■ Dataset section ■

================

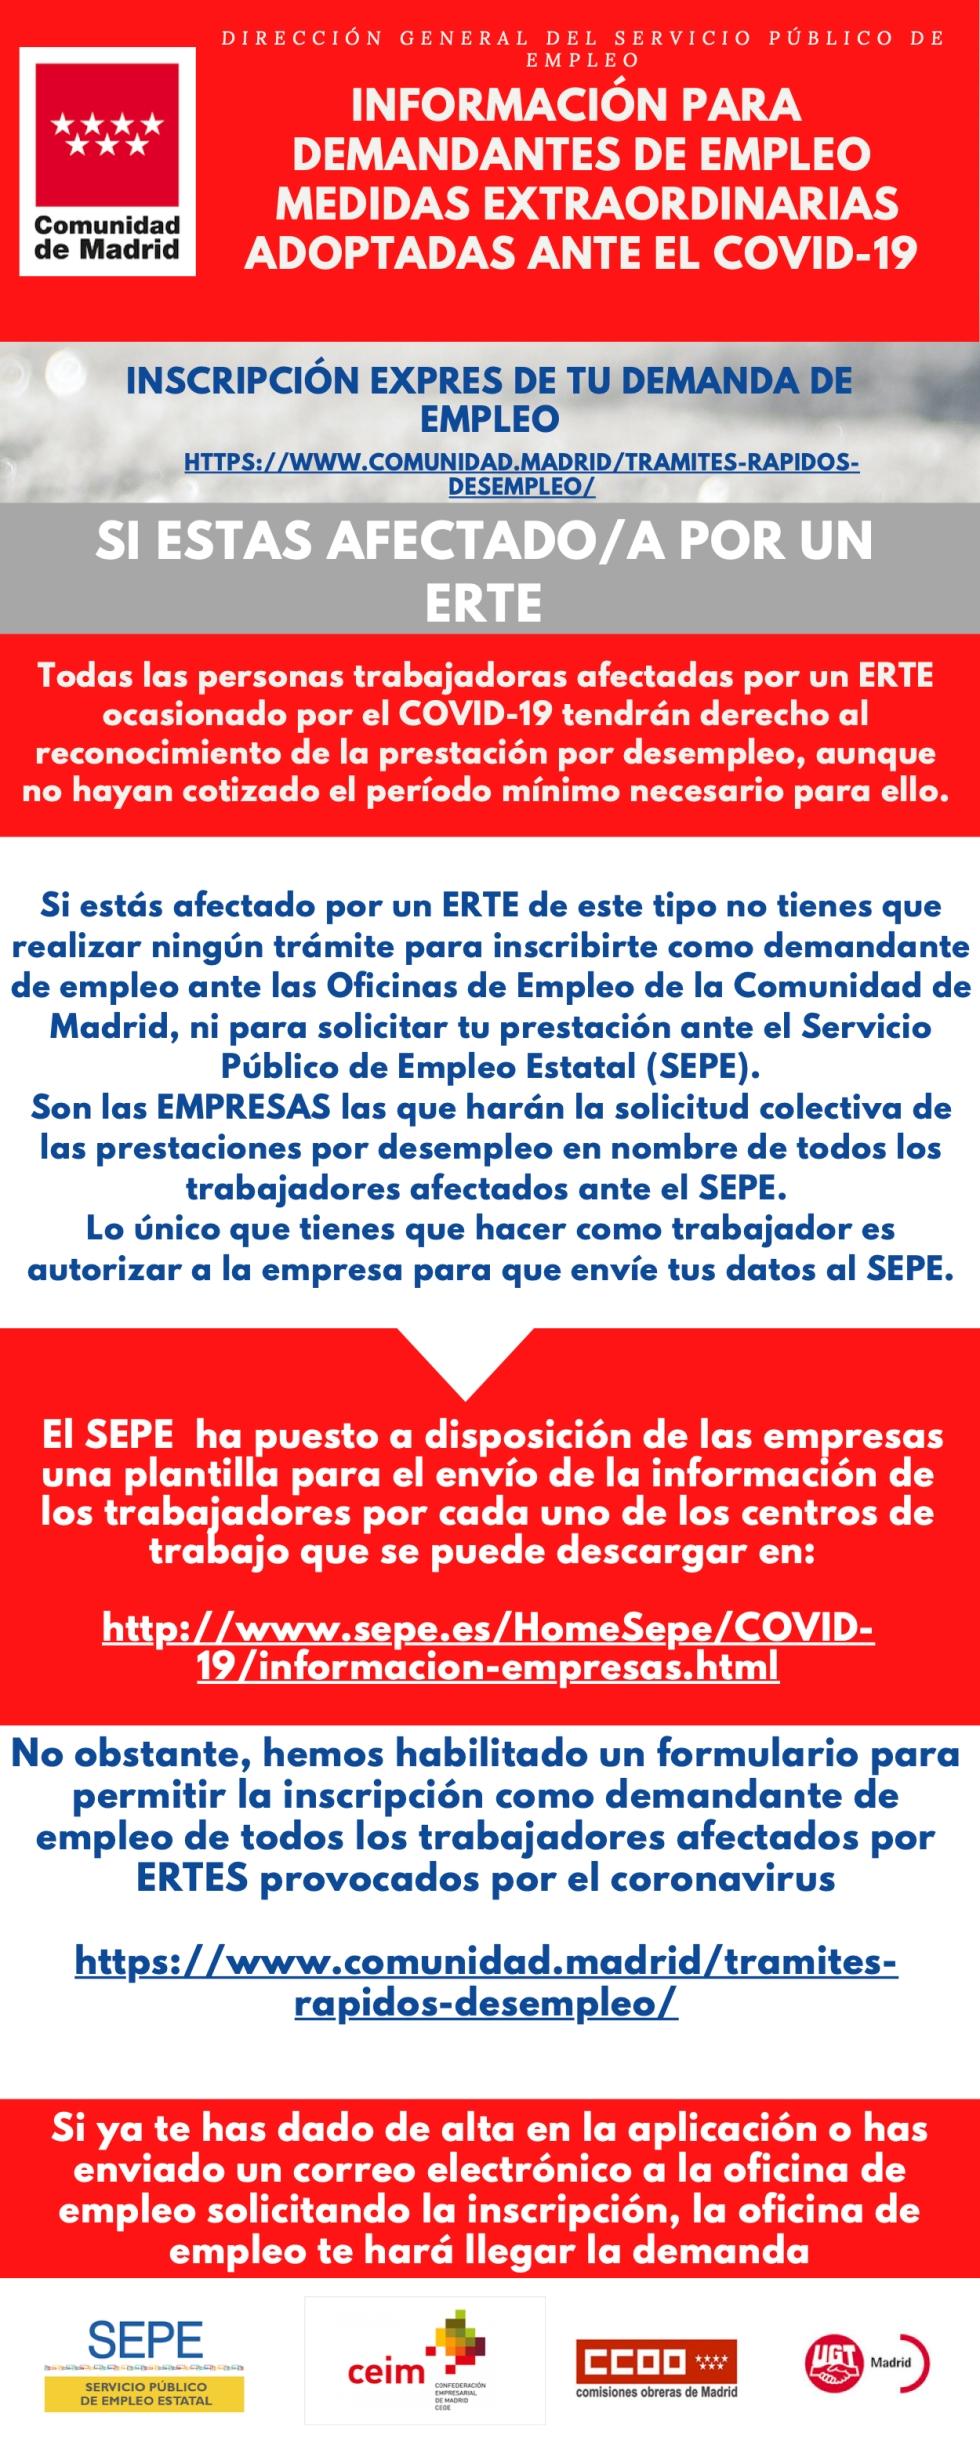 INFORMACIÓN PARA DEMANDANTES DE EMPLEO ANTE EL COVID-19 (2)
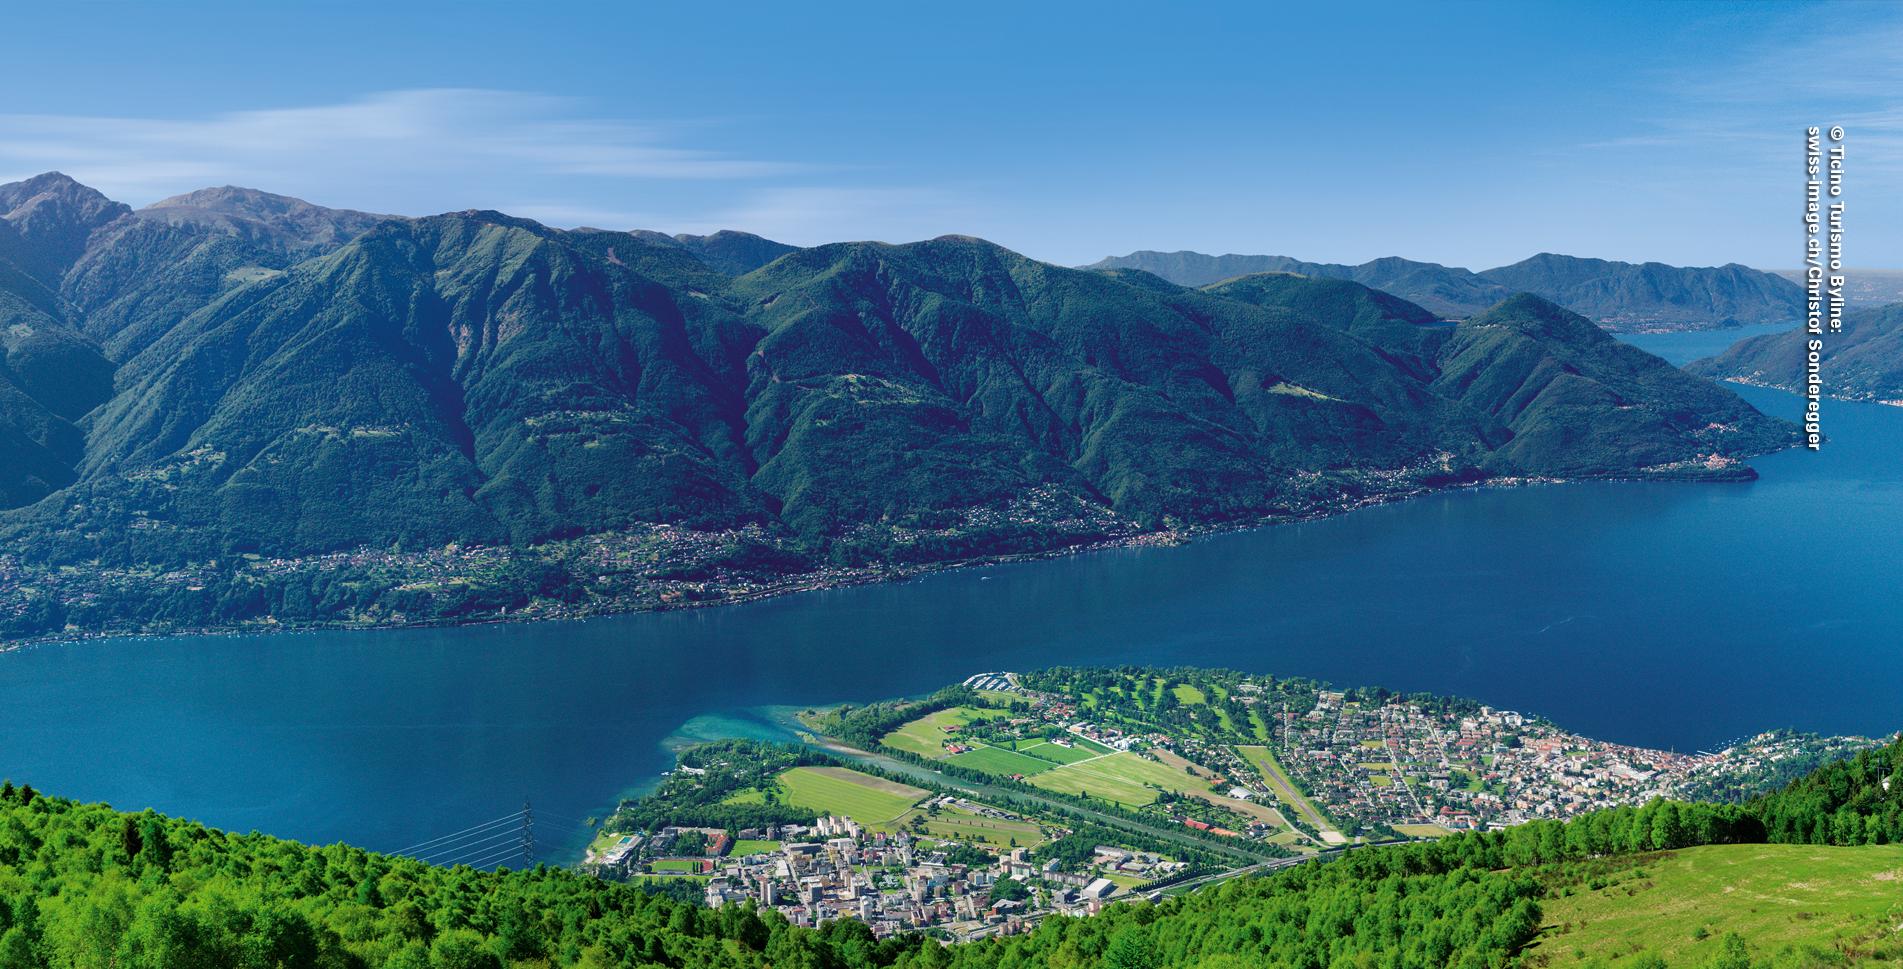 Wanderung oberhalb von Madonna del Sasso / Locarno von der Cardada via Talstation der Cimetta-Sesselbahn, Alpe Cardada, Capanna Lo Stallone, Monti di Lego nach Mergoscia
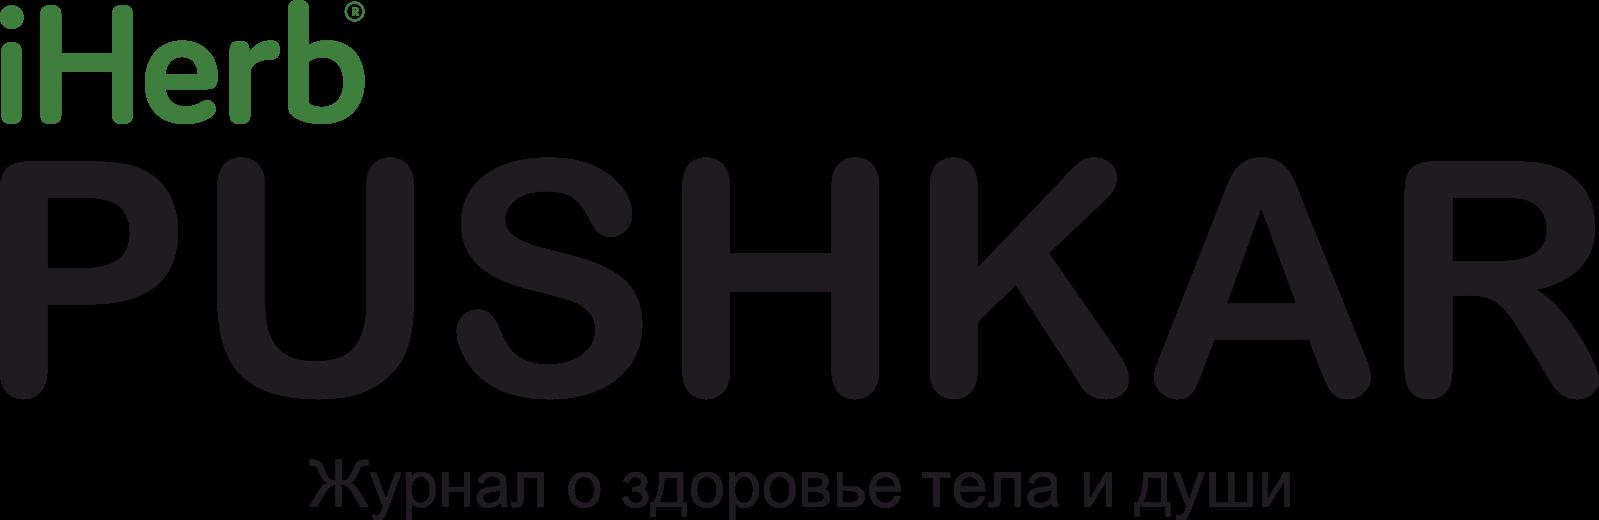 iHerb • Скидки, Акции, Промокоды магазина и аптеки Айхерб • Официальный сайт журнала PUSHKAR
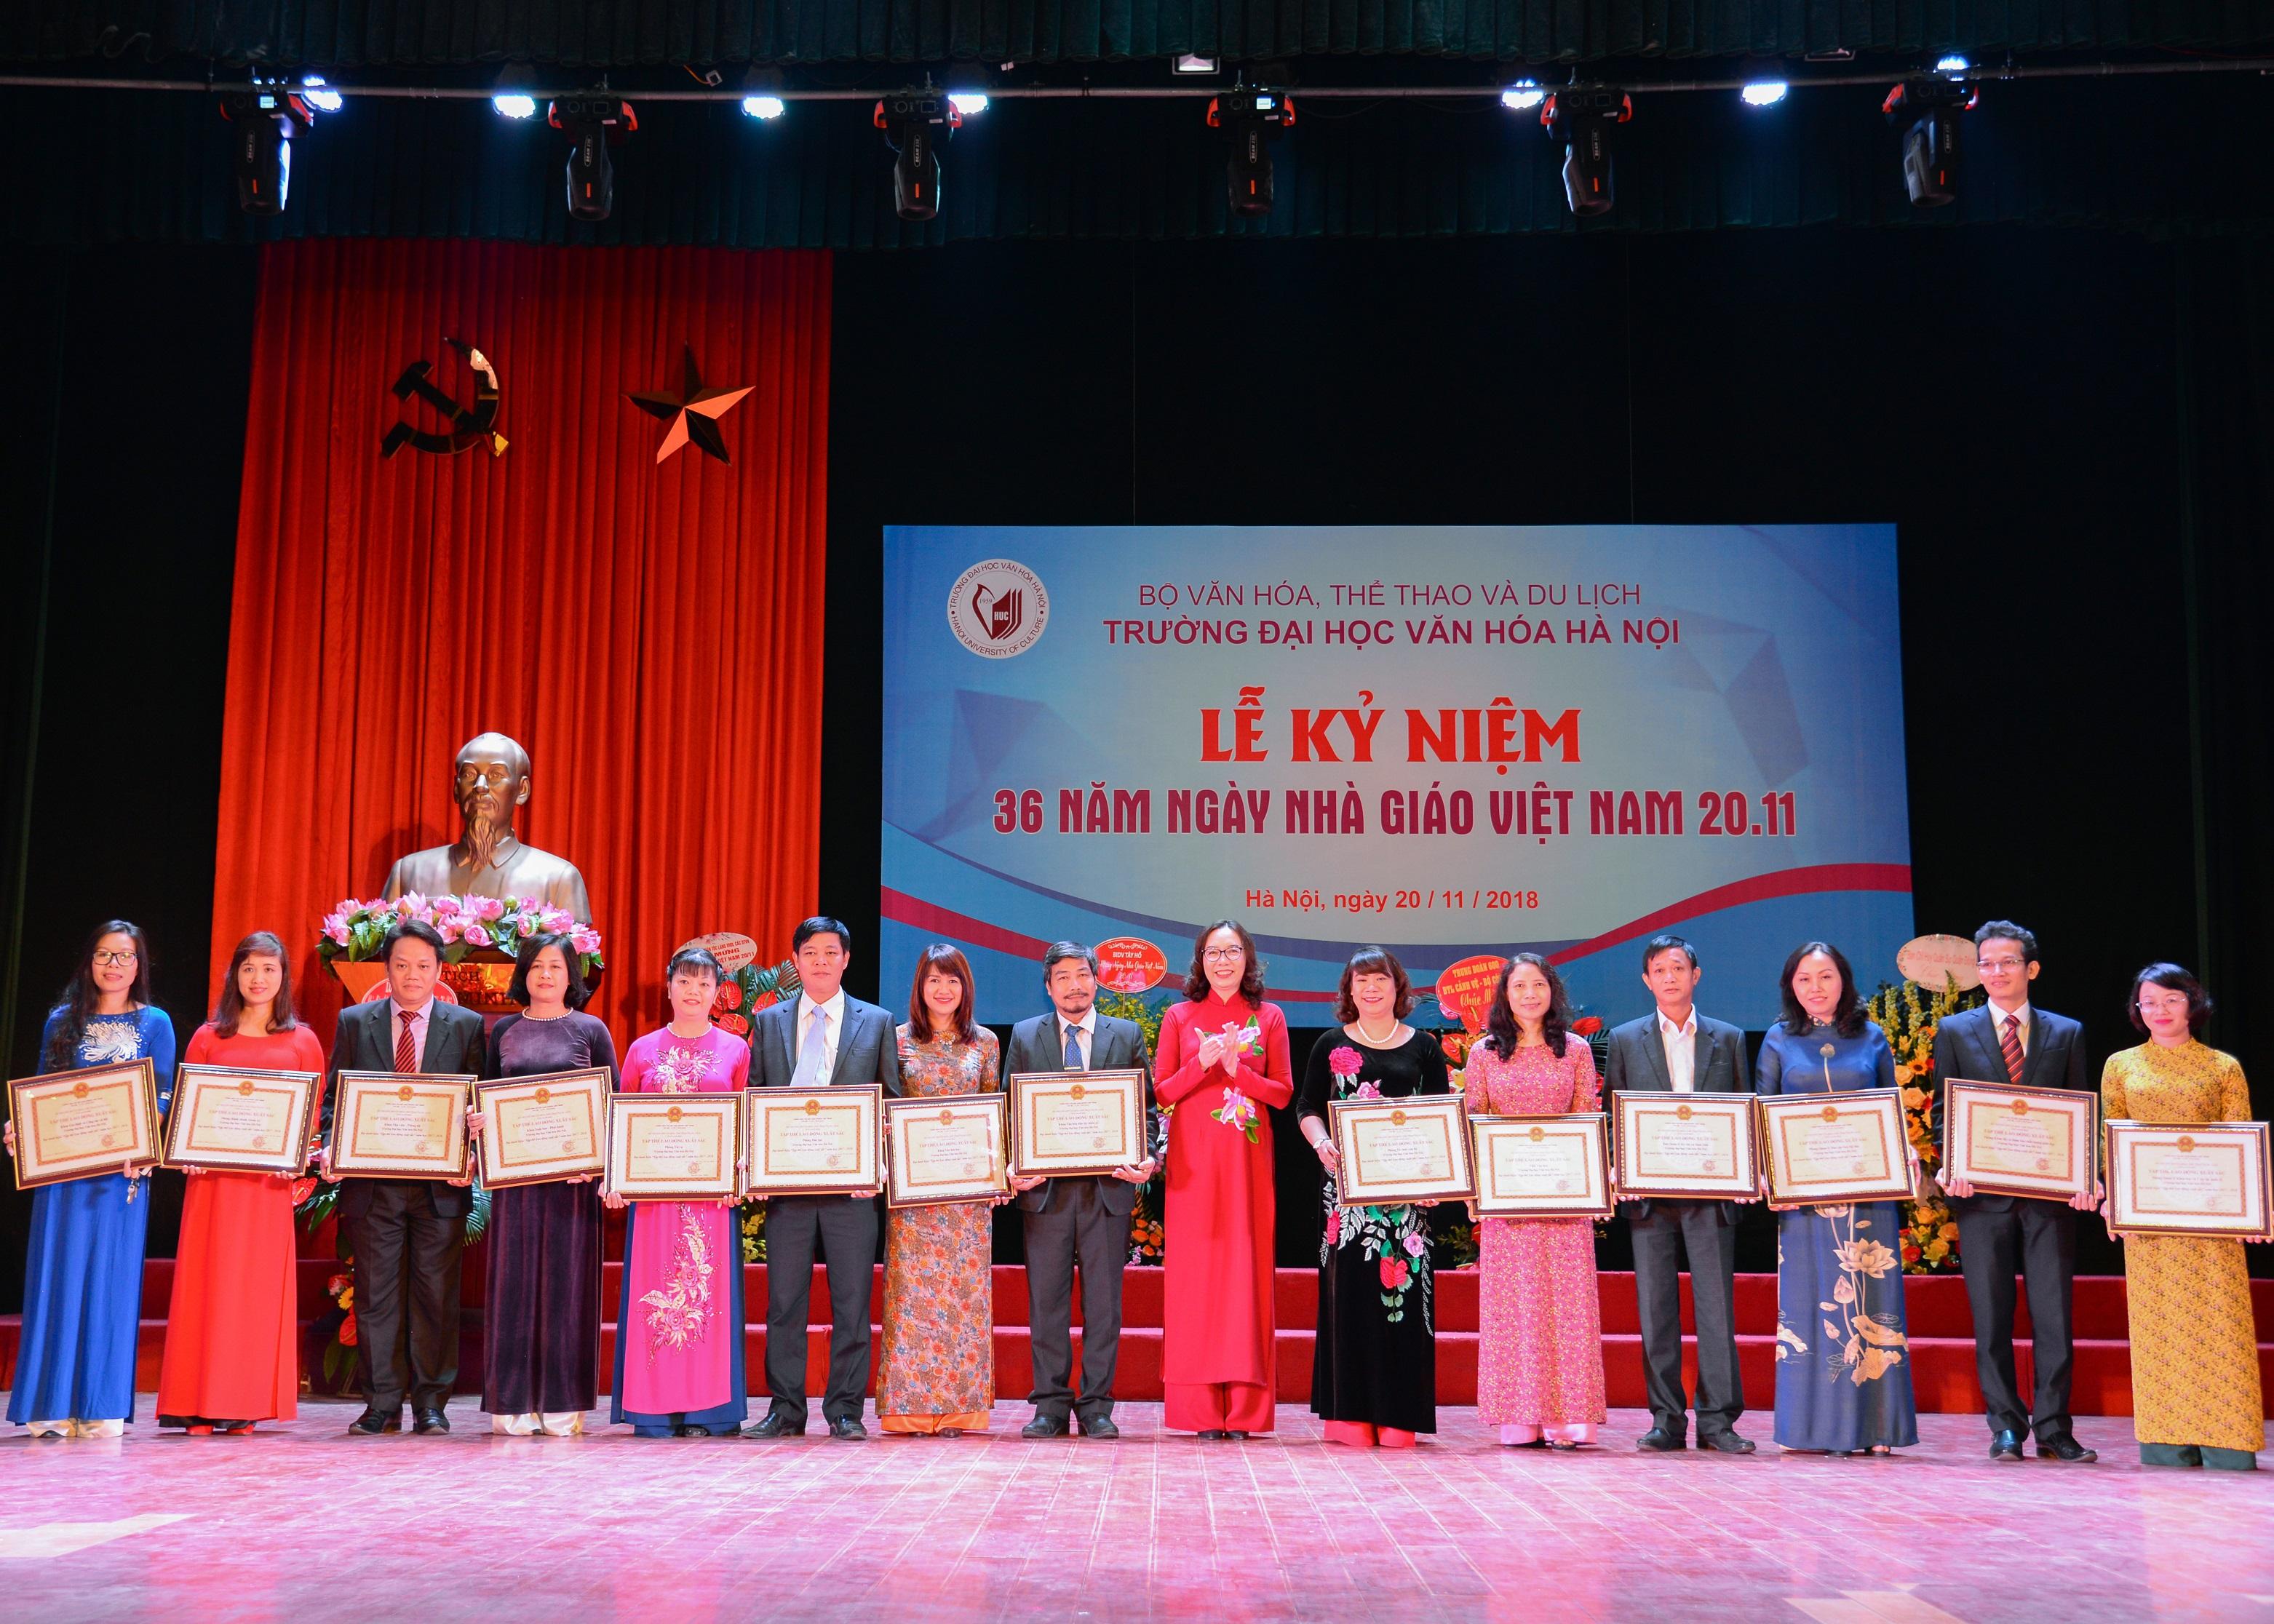 Long trọng kỷ niệm 36 năm Ngày Nhà giáo Việt Nam (20/11/1982 - 20/11/2018)

================

■ Instructions to follow ■
Working from the lines above, reproduce the material exactly and exclude its pictures.

■ Response ■
 INFORMACIÓN PARA DEMANDANTES DE EMPLEO ANTE EL COVID-19 (2)
 Wanderung oberhalb von Madonna del Sasso / Locarno von der Cardada via Talstation der Cimetta-Sesselbahn, Alpe Cardada, Capanna Lo Stallone, Monti di Lego nach Mergoscia
 iHerb • Скидки, Акции, Промокоды магазина и аптеки Айхерб • Официальный сайт журнала PUSHKAR
 Long trọng kỷ niệm 36 năm Ngày Nhà giáo Việt Nam (20/11/1982 - 20/11/2018)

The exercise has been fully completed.